И он делает неожиданное признание, что при этом их сибирская армия, и. е. те самые легионеры, которые предали на расстрел адмирала Колчака, ограбили Россию и погубили её национальное, государственное предприятие, — эта армия облегчила и сделала возможной для них борьбу и успех на парижской конференции, на которой он, Бенеш, достиг гораздо большего, чем осмеливался надеяться в начале войны. [48]
По свидетельству объективного учёного, [49]
чехи работали на мирной парижской конференции с самыми сомнительными средствами и тёмными приёмами, доходящими до обмана конференции включительно, напр., относительно смешанных немецко-чешских областей или обещаниями устроит новое государство, на подобие Швейцарии, с действительным обеспечением прав всех входящих народностей. Далее, чехи подавали документы с подтасовкой и даже подделкой исторических фактов, надеясь через то получить свою часть в дележе контрибуции.Как после всего этого должны звучать слова Бенеша о том, «что старая истерия была для них (чехов), всегда хорошим учителем, — ещё лучшим учителем должна быть новая история, в которой ещё и сегодня действительны живущие в ней интересы, стремления, цели и идеи».
«В конце концов», — восклицает Бекеш, [50]
— и дипломат нового пошиба, — «оказывается, что путь правды, честности и прямоты — есть путь национальных интересов. Ложью и насилием до сих пор не могла обеспечить себя от ударов судьбы ни одна нация, ни большая, ни малая.»Да, без сомнения, так и будет! И та ложь. то грязное предательство, интриги и та кровь, на которых взошла чешская самостоятельность, уже влекут неудержимо справедливое решение. Чем скорее придёт оно, — «тем лучше для всего человечества.
Книга Масарыка написана ещё более фальшиво и двулично. Масарык не только хочет обелить себя и своих чехов, но задается намерением показать, что он всегда всё предвидел вперёд, чуть ли не один на всей земле; что поэтому-то он и допускал то или иное действие, которое в сущности, было или обманом, или предательством.
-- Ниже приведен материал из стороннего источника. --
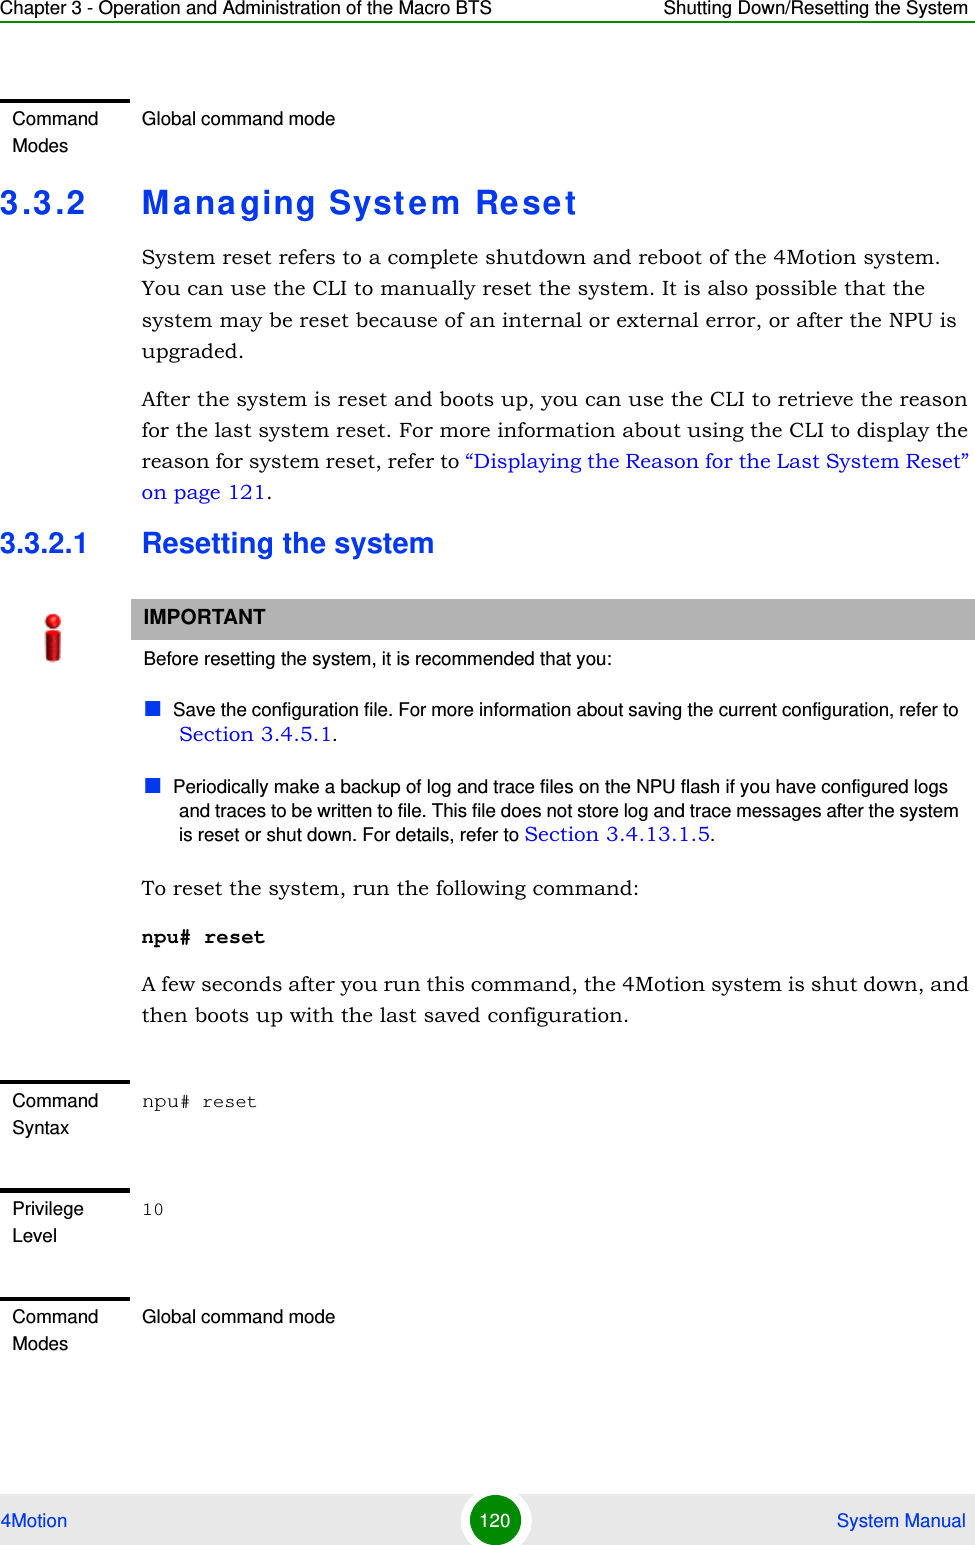 Chapter 3 - Operation and Administration of the Macro BTS Shutting Down/Resetting the System4Motion 120  System Manual3.3.2 Managing System ResetSystem reset refers to a complete shutdown and reboot of the 4Motion system. You can use the CLI to manually reset the system. It is also possible that the system may be reset because of an internal or external error, or after the NPU is upgraded. After the system is reset and boots up, you can use the CLI to retrieve the reason for the last system reset. For more information about using the CLI to display the reason for system reset, refer to “Displaying the Reason for the Last System Reset” on page 121.3.3.2.1 Resetting the systemTo reset the system, run the following command:npu# resetA few seconds after you run this command, the 4Motion system is shut down, and then boots up with the last saved configuration. Command ModesGlobal command modeIMPORTANTBefore resetting the system, it is recommended that you:Save the configuration file. For more information about saving the current configuration, refer to Section 3.4.5.1. Periodically make a backup of log and trace files on the NPU flash if you have configured logs and traces to be written to file. This file does not store log and trace messages after the system is reset or shut down. For details, refer to Section 3.4.13.1.5.Command Syntaxnpu# resetPrivilege Level10Command ModesGlobal command mode

Уже Бекеш, который, являлся во всей интриге и в заговоре подручным Масарыка и теперь хвалит последнего, как апостола своей нации, как «великого», — вводит эту ноту якобы прозорливости старого чеха; он говорит, что Масарык с самого начала поставил себя против русской анти-большевицкой акции, вследствие чего и чехи-легионеры всегда были против русских и уже в июне 1918 года взяли путь на Францию. [51]
Масарык в своей книге подробнейшим образом описывает себя самого, своих личных друзей, своё окружение, а затем уже общий ход мировой войны. Но в центре всегда стоит Масарык. Все совершается вокруг него. Старый чех видимо страдает манией величия. Некоторые места его книги годятся для юмористического журнала. Так, он пишет: [52]
«Как курьёз, упомяну, что царь прислал мне через Стефаника (летом 1916 года) очень дружеский поклон и просьбы продолжать мою политику и дальше». После первой, февральской революции, Масарык некоторое время выжидал для верности, — как это обычно делает всякий чересчур хитрый и в то же время трусливый человек; когда же он «был достаточно информирован, то послал 18 марта телеграмму Милюкову и Родзянко, в которой выражал своё удовлетворение переворотом». [53]
Вскоре затем он и сам поспешил в водоворот русской революции, чтобы принят участие, приложить и свою руку к развалу страны. Здесь Масарык роняет такую фразу: «во время царского правительства я не спешил в Россию, — так как я знал предубеждение реакционных элементов против меня и союзников». [54]
А описывая своё долгое пребывание в течение 1915 и 1910 гг. в Лондоне с массой подробностей, с упоминанием мелочей из своей частной жизни, со всеми встречами, — Масарык забывает упомянуть, что в апреле 1915 года им был представлен сэру Эдуарду Грею меморандум «Independent Bohemia» с приложением карты — Map of United States of Bohemia. В этом меморандуме сказано буквально следующее: [55]
«Для Богемии и для балканских славян самое существенное — это дружба России. Богемские политики считают, что Константинополь и проливы должны принадлежать только России. Богемия проектируется, как монархическое государство; богемская республика находит защиту только у немногих радикальных политиков. Вопрос династии мог бы быть решён двумя способами. Или союзники могли бы дать одного из своих принцев, или могла бы быть заключена персональная уния между Богемией и Сербией. Русская династия всё равно в какой форме, была бы особенно популярна».